R packages – attached vs loaded – all about those double::colons

It all seems so simple. You install R packages on your system with install.packages(package). This downloads the code and saves it on your computer. You can see what you’ve installed with installed.packages(). And when you want to use a package in your code, you start the code with library(package).

But here’s where it gets crazy. Some packages require other packages to work. For example, take the package tibble. It’s pretty simple – it just makes tibbles, which are R dataframes that act more sanely and consistently and print out more nicely than standard dataframes.

But notice the third line of CRAN’s description of tibble:

Imports: cli, crayon, methods, pillar (>= 1.1.0), rlang, utils

When you install the tibble package, R will also download and install all those other packages (if you don’t already have them). But when you library the tibble package, only the functions in the tibble package itself become directly accessible to you.

But wait, there’s more. Functions inside the other packages are indirectly accessible to tibble, which can get at functions in the other packages by means of a prefix before the function name. The prefix consists of the name of the package and a double::colon. Functions called this way are loaded into R’s memory but aren’t directly accessible. R calls this loaded via a namespace. If you look at tibble’s code for its glimpse() function on GitHub, you’ll see the following line:

data_width <- width - crayon::col_nchar(var_names) - 2

The crayon:: part is calling a function in the crayon package. If the package hasn’t been loaded into memory yet, first R will automatically and quietly load it. Your own code can also call any function in an installed package in the same way.
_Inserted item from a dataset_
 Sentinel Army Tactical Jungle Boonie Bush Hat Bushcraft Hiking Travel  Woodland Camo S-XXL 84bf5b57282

If fact, you could never use library() at all but just refer to all functions in packages with the package name-double colon prefix. So all the library() function actually does is make sure the package is installed and allow you to call its functions without the prefix! It’s really just a version of attach().

If you’d like to see what packages are attached and what packages are loaded at any give time, use the function sessionInfo() (note: it’s session, not system) and look at the last chunks of information it provides.
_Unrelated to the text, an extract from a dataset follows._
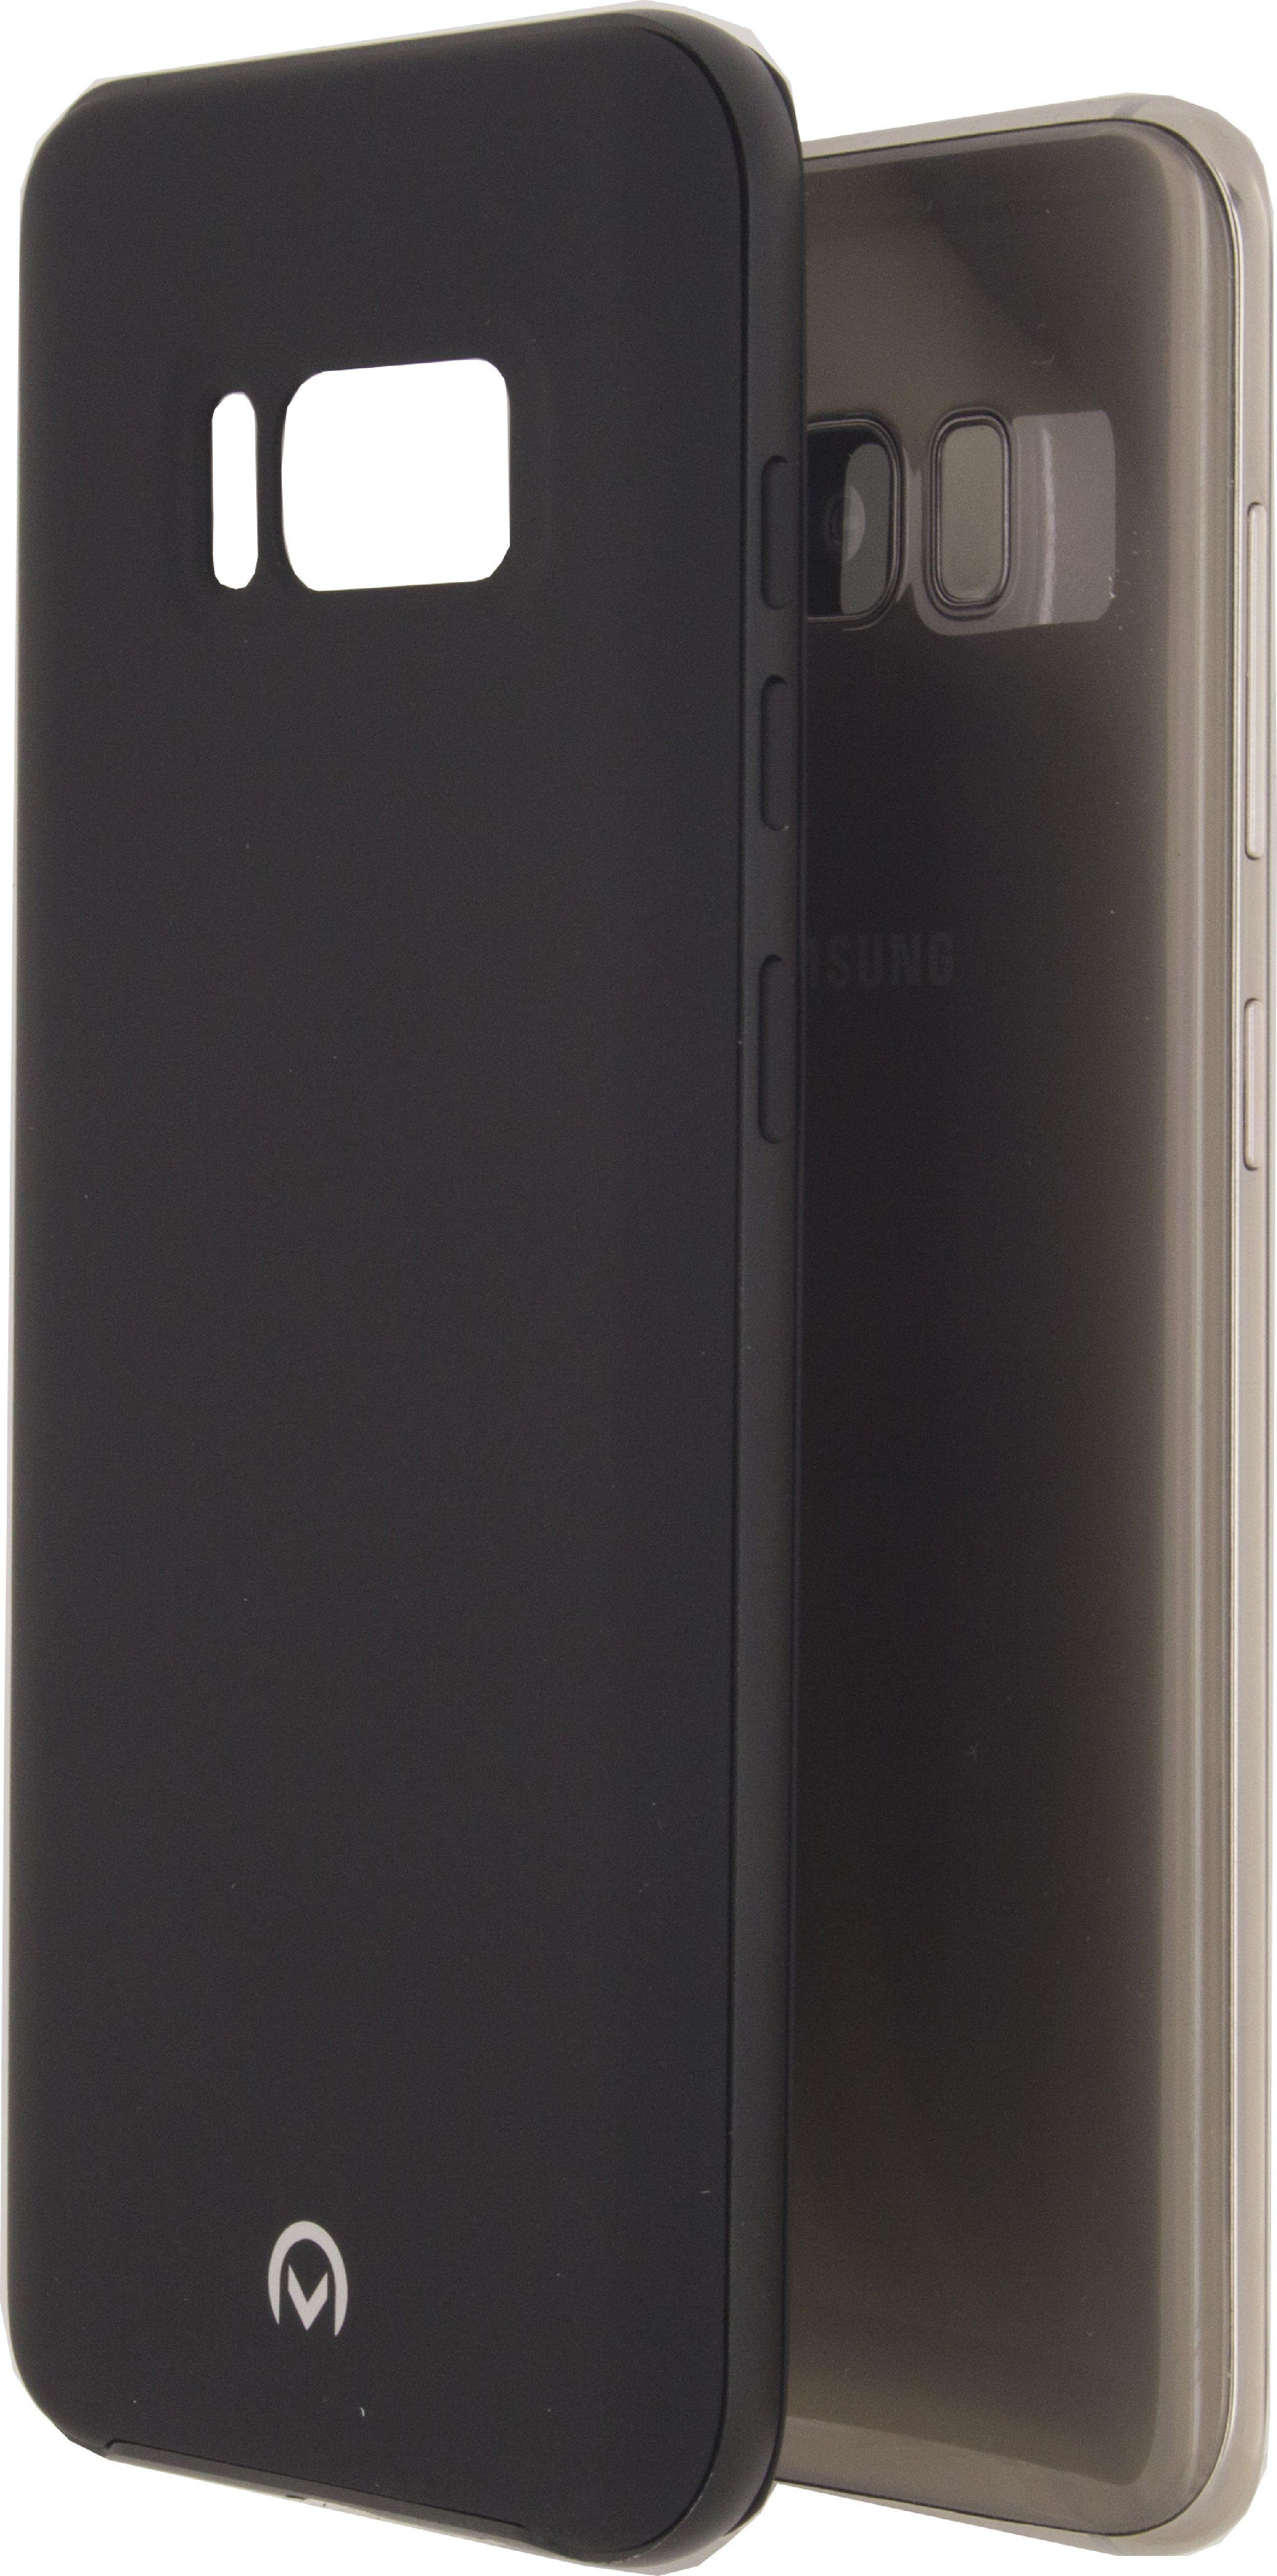 Image of   Telefon Gelly+ Etui Samsung Galaxy S8 Sort

The tidyverse: installed vs attached packages

Once you understand all that, how the tidyverse works will suddenly make a lot more sense. Here’s a description of the package from the tidyverse CRAN info.

The 'tidyverse' is a set of packages that work in harmony because they share common data representations and 'API' design. This package is designed to make it easy to install and load multiple 'tidyverse' packages in a single step. Learn more about the 'tidyverse' at <https://tidyverse.org>.

The library(tidyverse) function attaches the following packages:

But install.packages(tidyverse) actually installs a whole boatload of additional packages, including a few whose functions you might want to access directly:

In the latest version of our LEMRS installation script we have R install the entire tidyverse and we get the whole boatload of packages. But inside the Open-Meta app, library(tidyverse) doesn’t attach some of the ones we want to use. That’s why we have to library() them in separately.

library() vs require()

Finally, let’s talk a moment about the library() function’s twin, require(). They both attach packages. The difference is in what they return if the package isn’t installed. In that case library() will issue a fatal error and stop the program. The require() function, on the other hand, returns FALSE and a warning, but your program can continue.

If you write a library() function like this: x <- library() and then examine x you’ll either find a libraryIQR object that lists all of your installed packages by the folders they reside in (you get this when you add no parameter) or a character object with the names of all the packages that are currently attached (assuming you pass a valid package name as a parameter; an invalid package name returns that fatal error).

With x <- require(), on the other hand, you’ll get a fatal error with no parameter. Otherwise x will be TRUE for a package that is available on your system and FALSE for a package that’s never been installed.

Both library() and require() insist that you pass in only one package name at a time. Neither accepts a vector of package names.